1. Digital Audio

Digital Audio (slides 3–4)

Two characteristics of digital sound – sampling and quantisation – permit to introduce en passant the main concepts of digitisation.

Let’s consider an analogue signal, a sound in the real world:

  • sampling is the reduction of this continuous signal to a discrete signal (to a sequence of tiny sections);
  • quantisation is the process of mapping an infinite set of input values to a finite set of output values (to rounded values at a fixed precision).
Sampling (slide 5)

Sampling measures how close-knit the digitisation is done. In a certain sense, it measures the sound quantity,1 and is similar to the resolution for the image. If the frequency increases, then the number of different values that are generated can increase. The unit is hertz (Hz), the number of measurements taken during every single second.

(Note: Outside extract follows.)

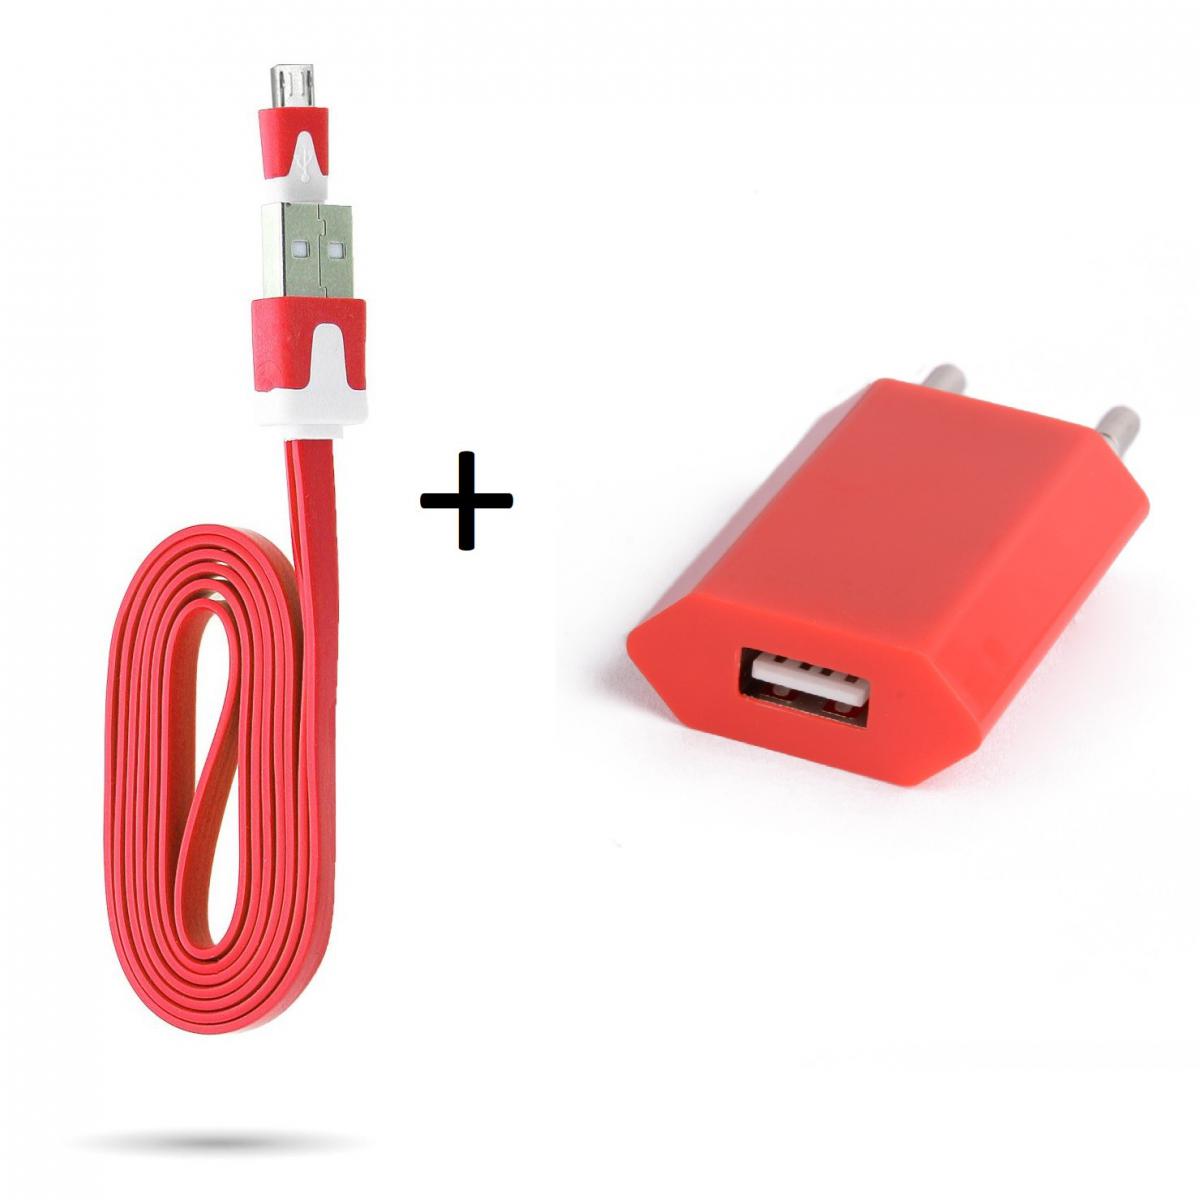 Shot - Cable Noodle 1m Chargeur + Prise Secteur pour HUAWEI Y5 2019 Smartphone Micro USB Murale Pack Android (ROUGE) - Chargeur secteur téléphone

Some current sampling rates are:

  • 44.1 kHz is the CD quality;
  • 48 kHz is a sampling rate often used for postproduction. It can also be chosen instead of 44.1 kHz for access and diffusion;
  • 96 kHz is a good sampling rate for archiving;
  • 192 kHz is an excellent sampling rate for archiving, but it needs the double storage space in comparison to 96 kHz.

In the real world the archive must made the best possible compromise in a longterm perspective: What sampling can the archive afford over a long period of time, at least over many decades?

Quantisation (slide 6)

Quantisation measures how precise the digitisation of one cycle of sampling is done. In other words, it tells how many different steps can be differentiated at every measurement. This is one of the factors that determine the sound quality.

Typical sound quantisation rates are:

  • 16 bit for access and diffusion;
  • 24 bit for archiving.

This switch from 16 bit to 24 bit gives 8 additional bits or 1 additional byte. In a binary system every bit has one of the two values 0 or 1. That means that these 8 additional bits give 2 power 8 equals 256 times more possibilities to code the sound quality. Otherwise said, by increasing from 16 bit to 24 bit the quantisation, the needed storage space increases by 50%, yet theoretically the sound quality increases by 25 600%.


Note

1
This designation by the author is not used in the technical literature.